_TASK GOAL_:
Exact copies of all the lines below are required, with the pictures omitted.

── SUPPLIED INFORMATION

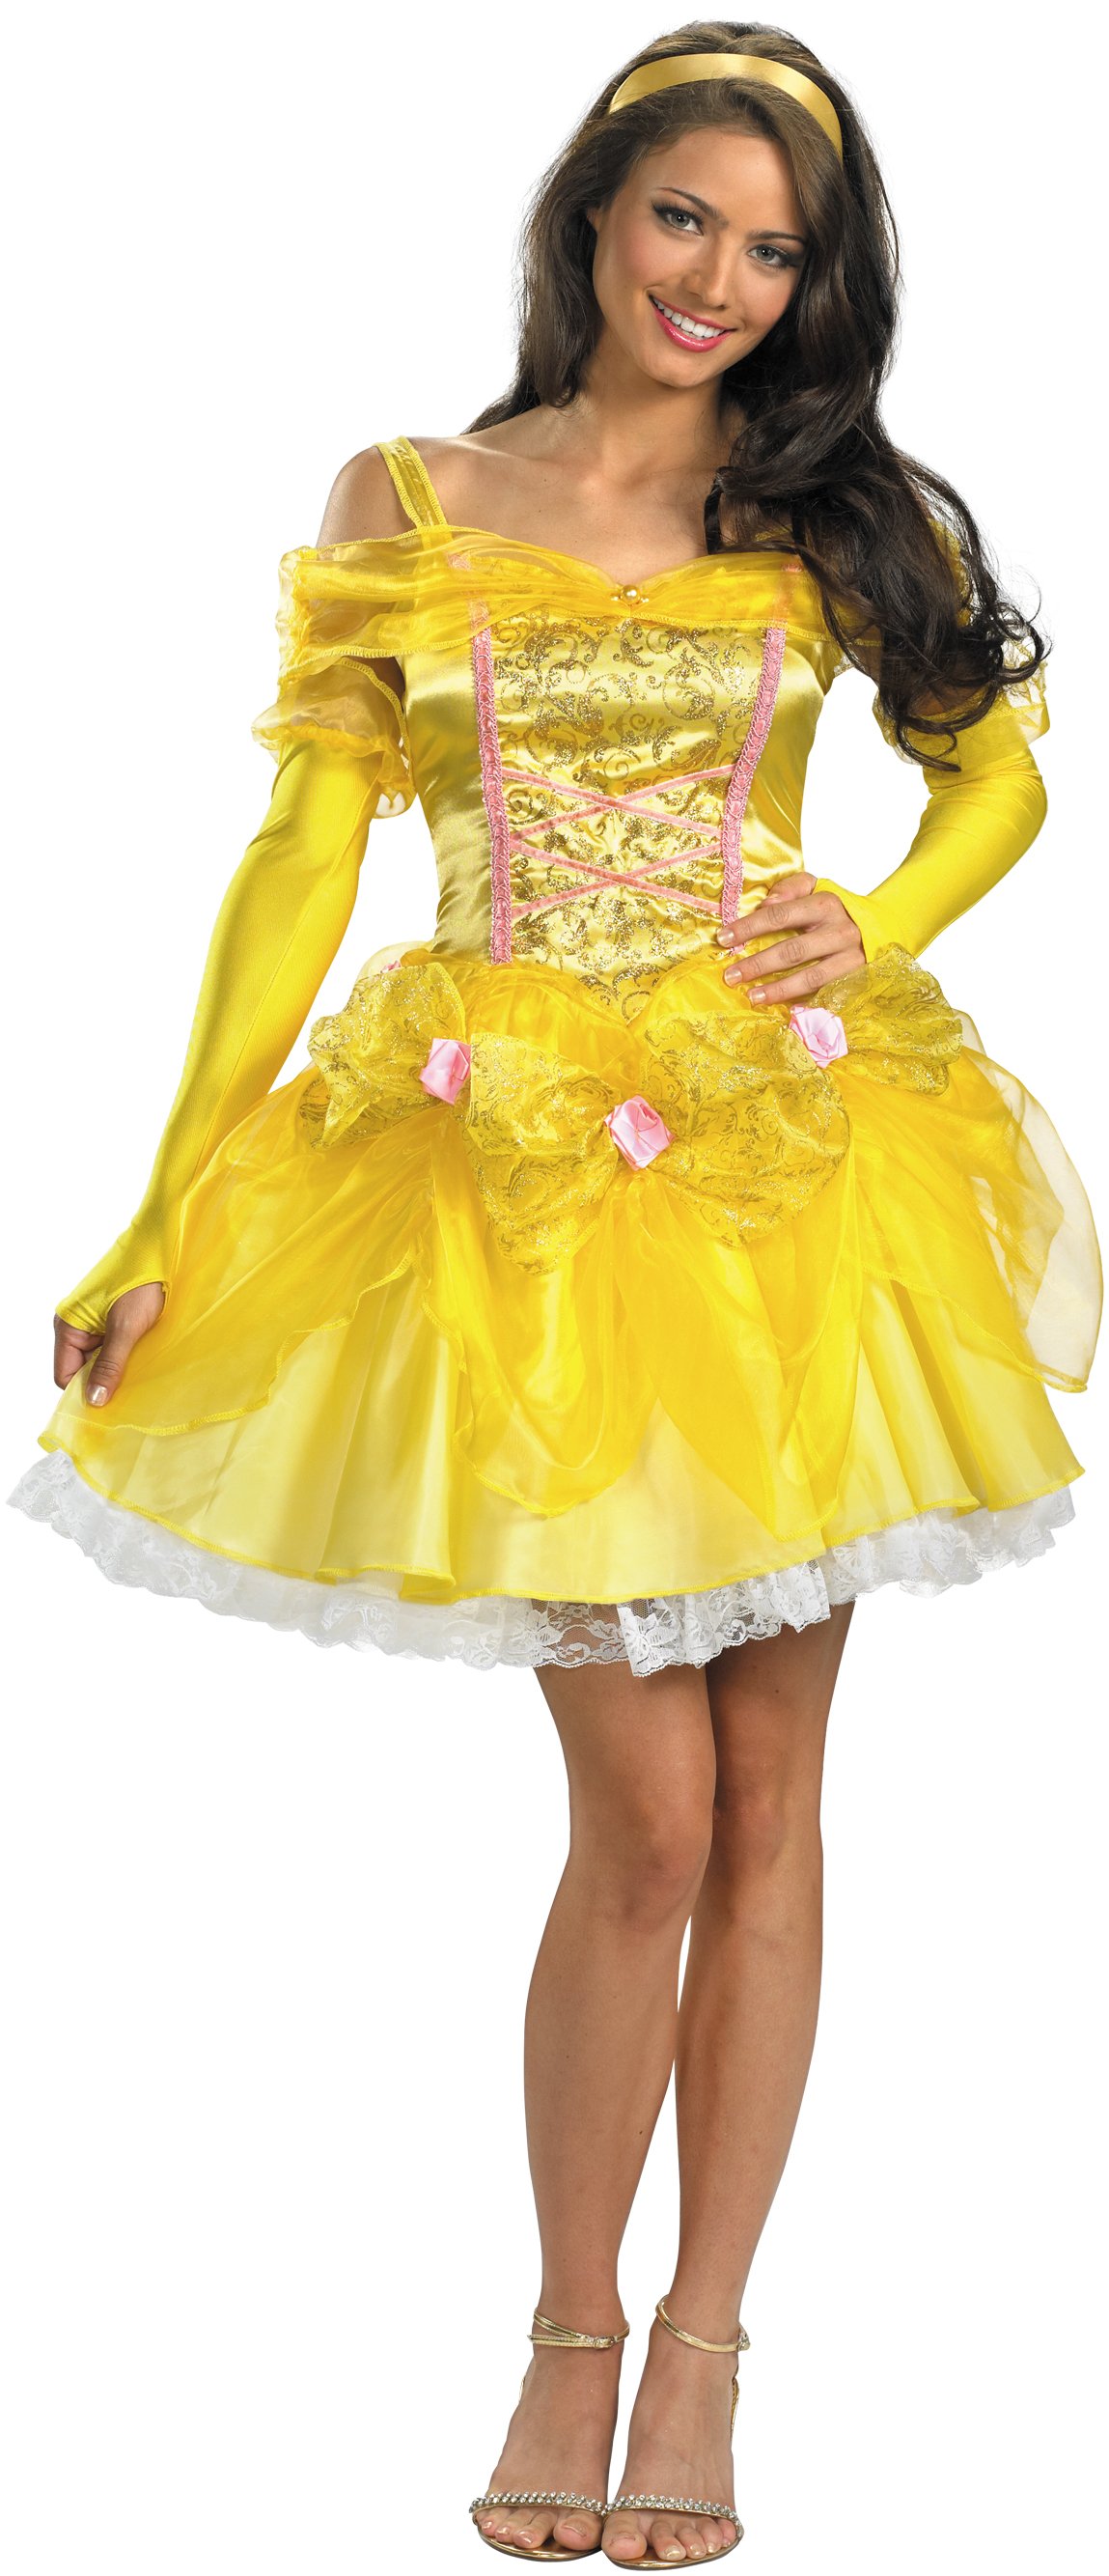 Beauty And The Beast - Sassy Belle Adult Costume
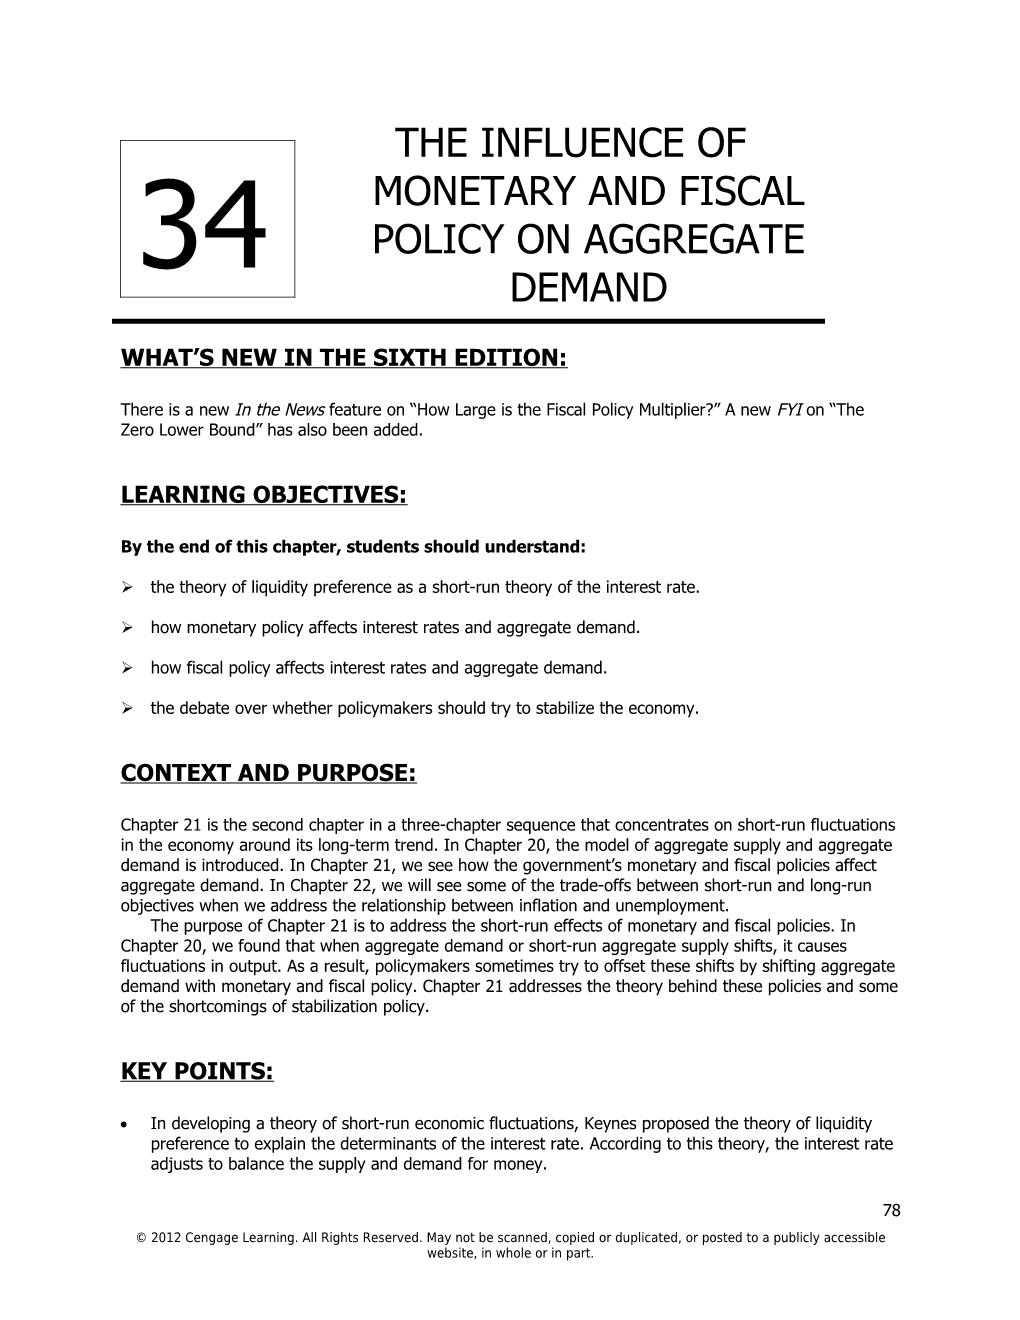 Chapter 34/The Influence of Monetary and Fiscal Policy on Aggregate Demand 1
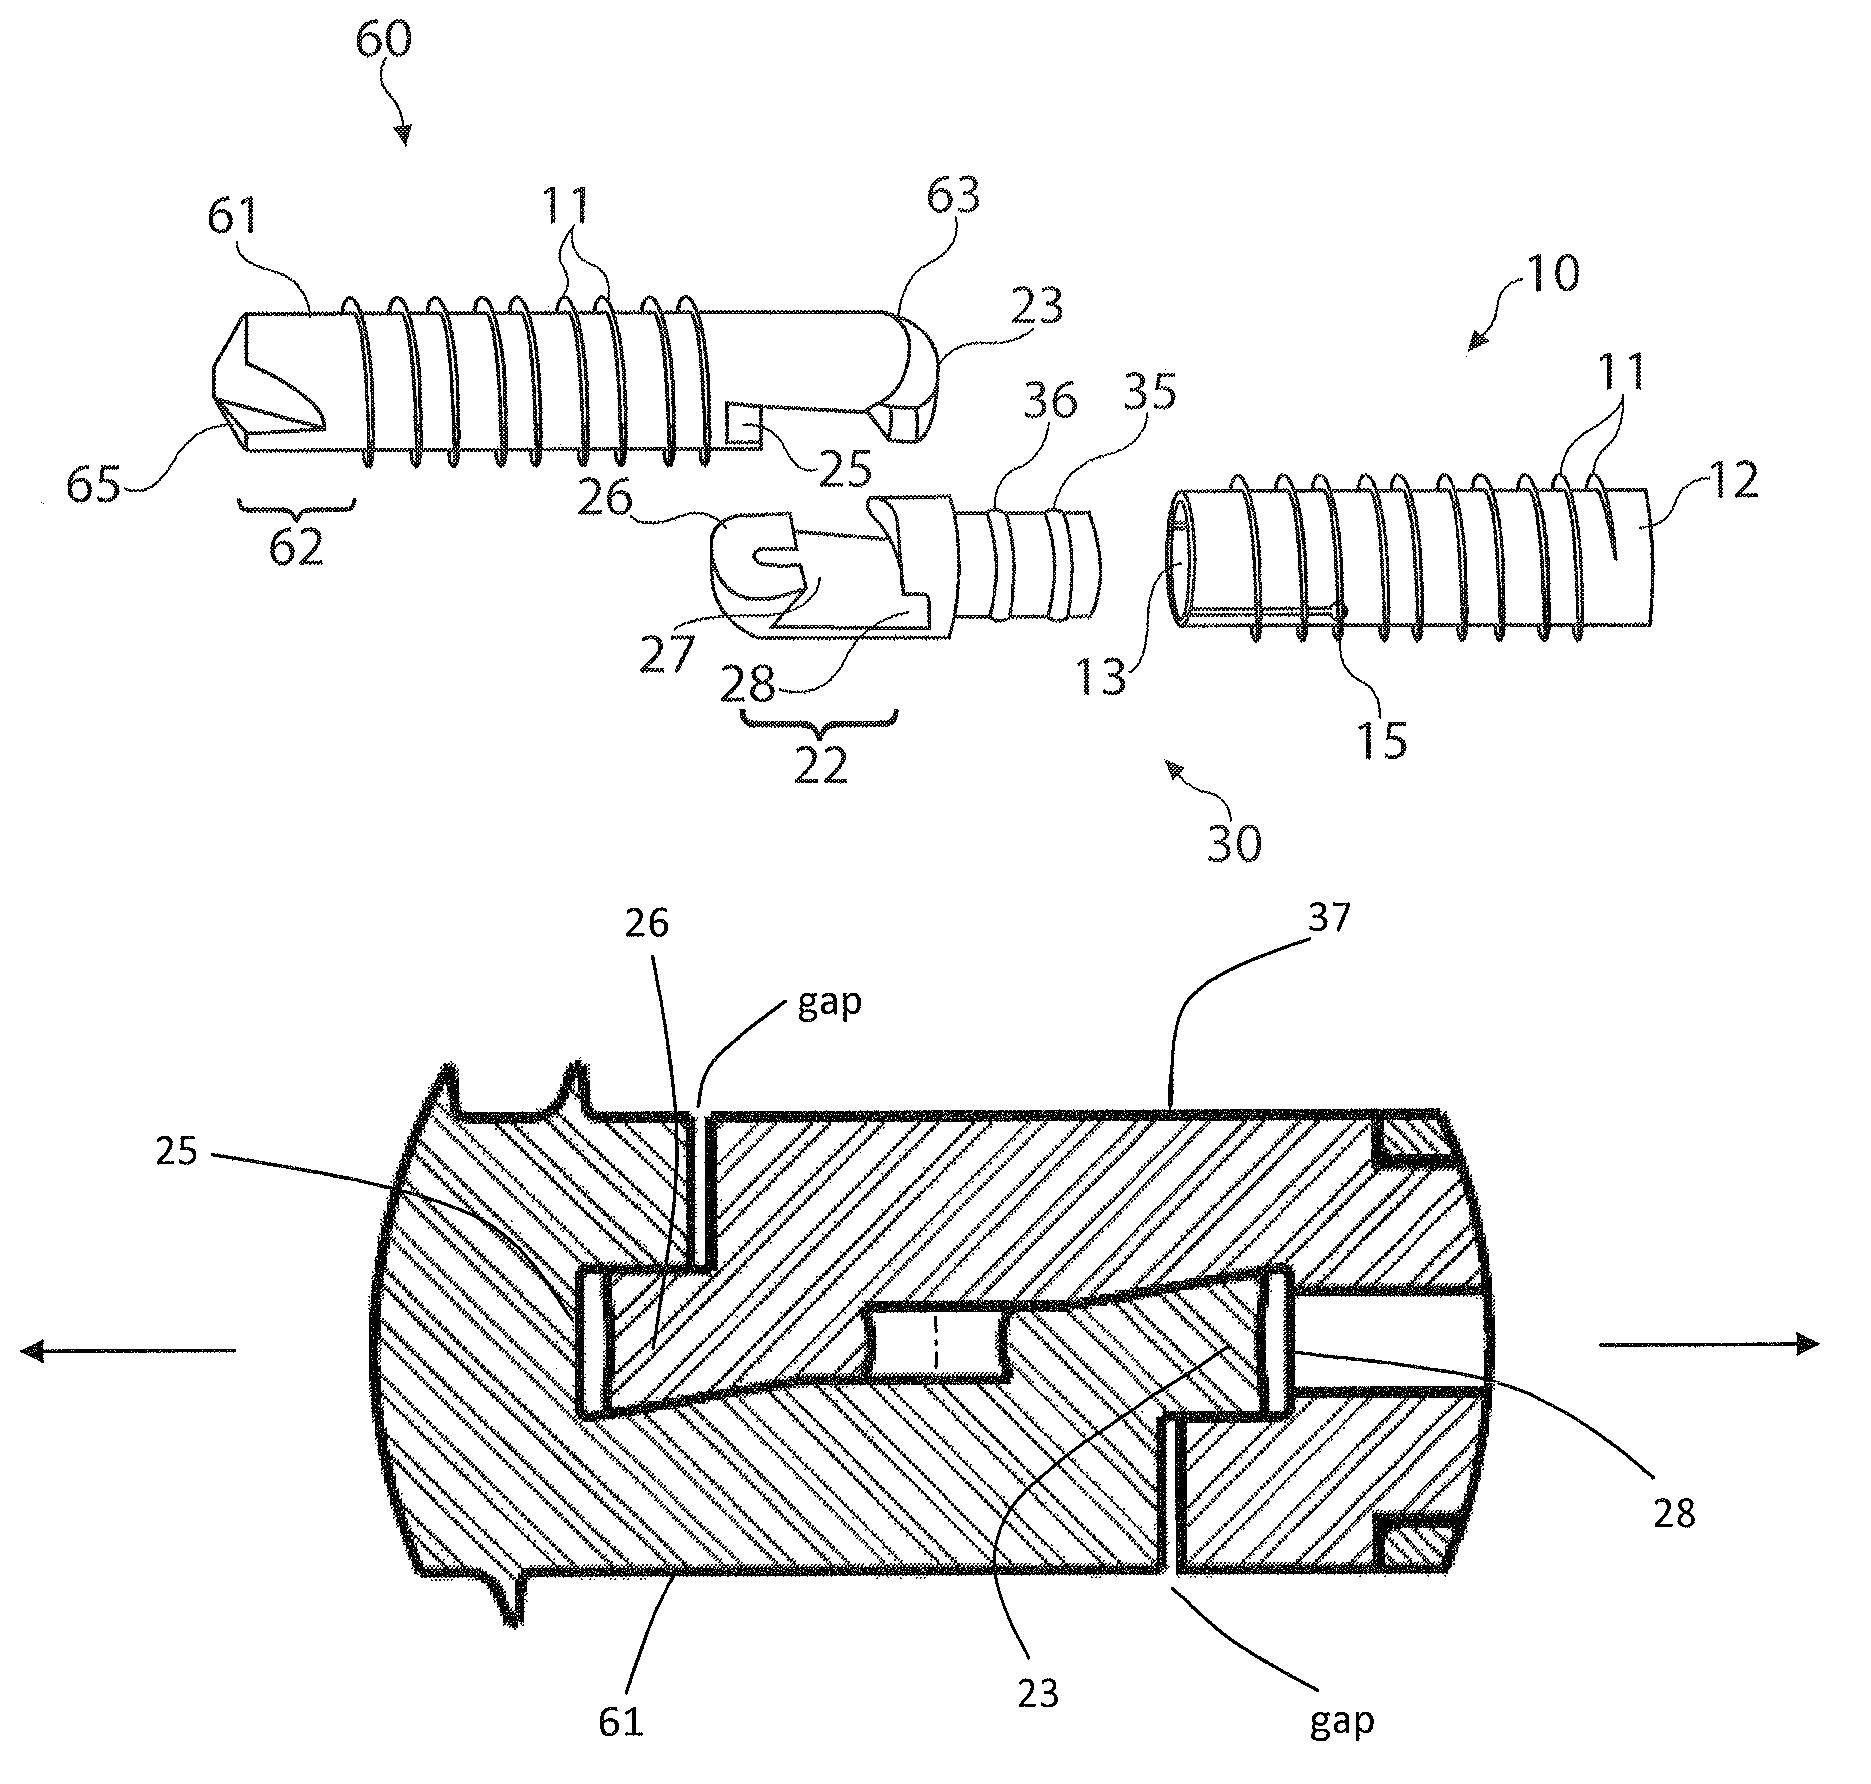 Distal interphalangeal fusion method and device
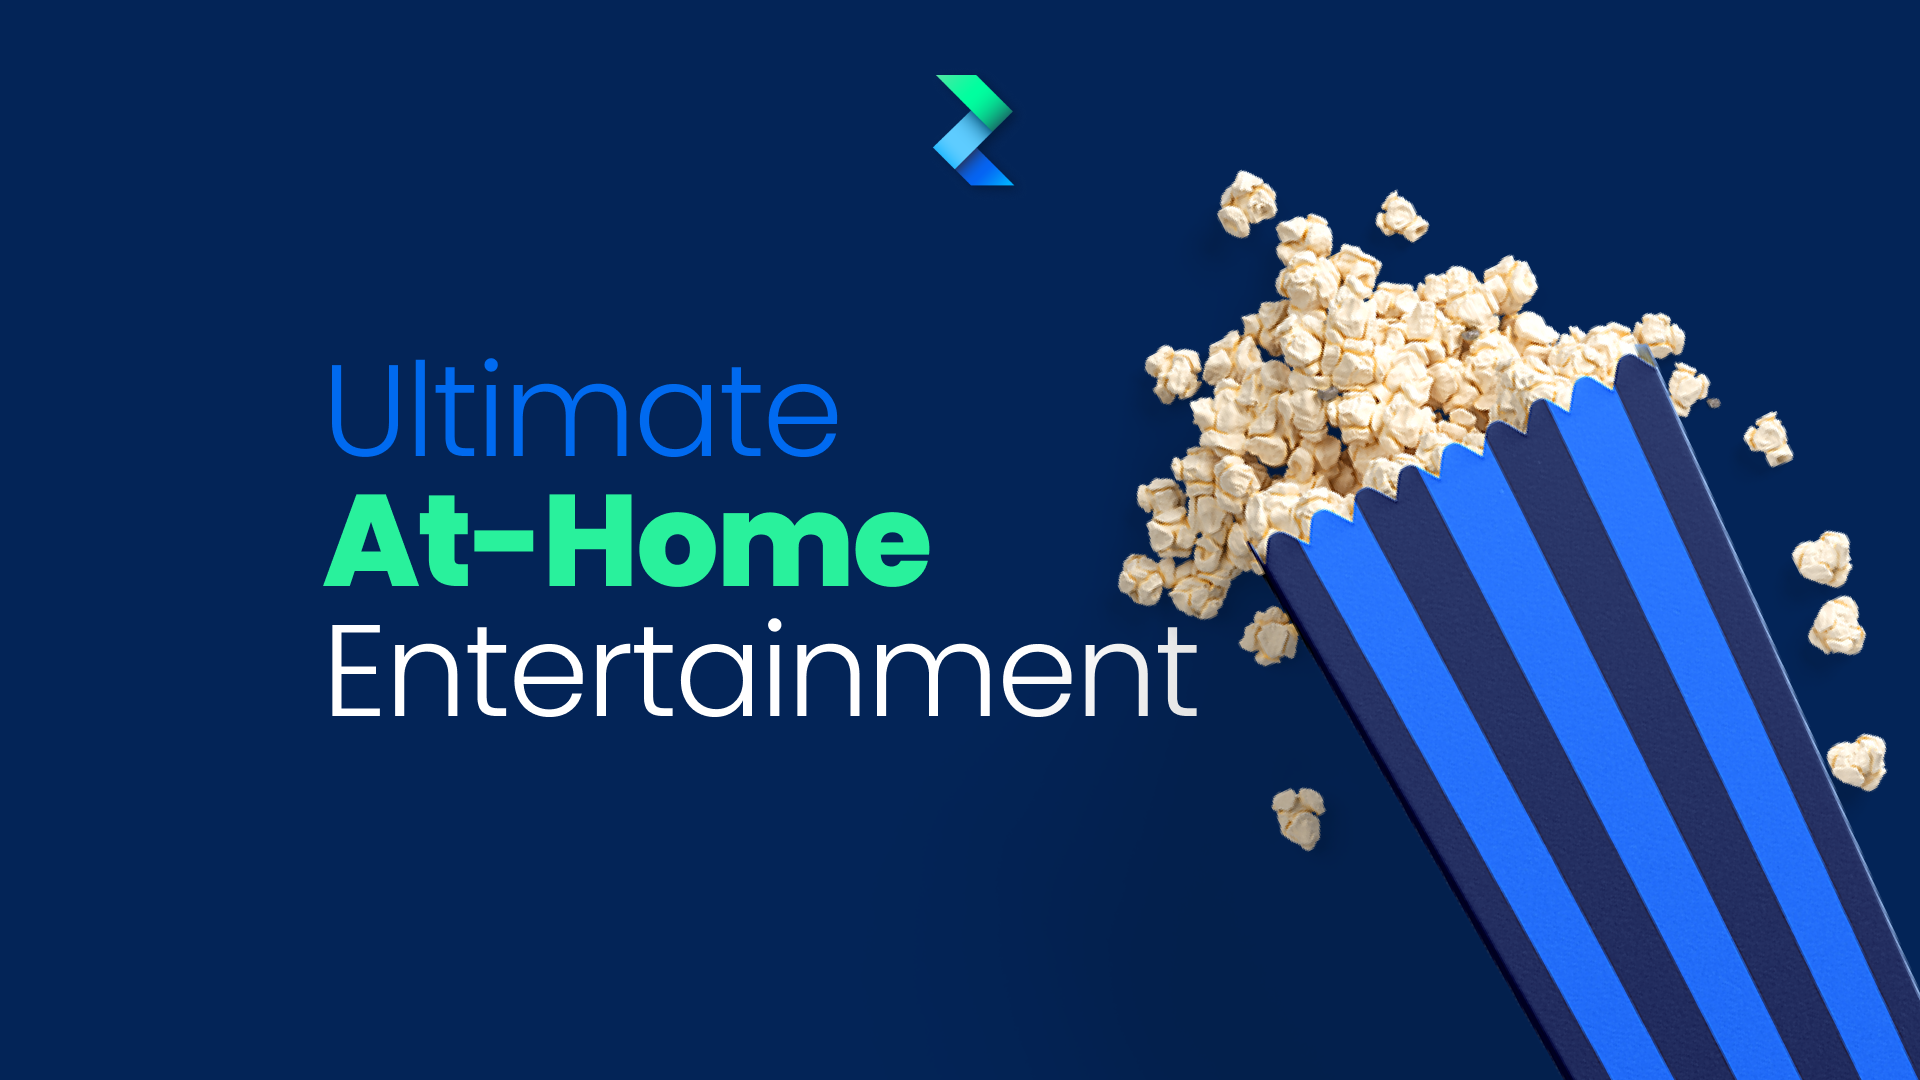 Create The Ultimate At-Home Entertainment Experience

────

_PROBLEM SOLUTION_:
 Beauty And The Beast - Sassy Belle Adult Costume
 Chapter 34/The Influence of Monetary and Fiscal Policy on Aggregate Demand 1
 Distal interphalangeal fusion method and device
 Create The Ultimate At-Home Entertainment Experience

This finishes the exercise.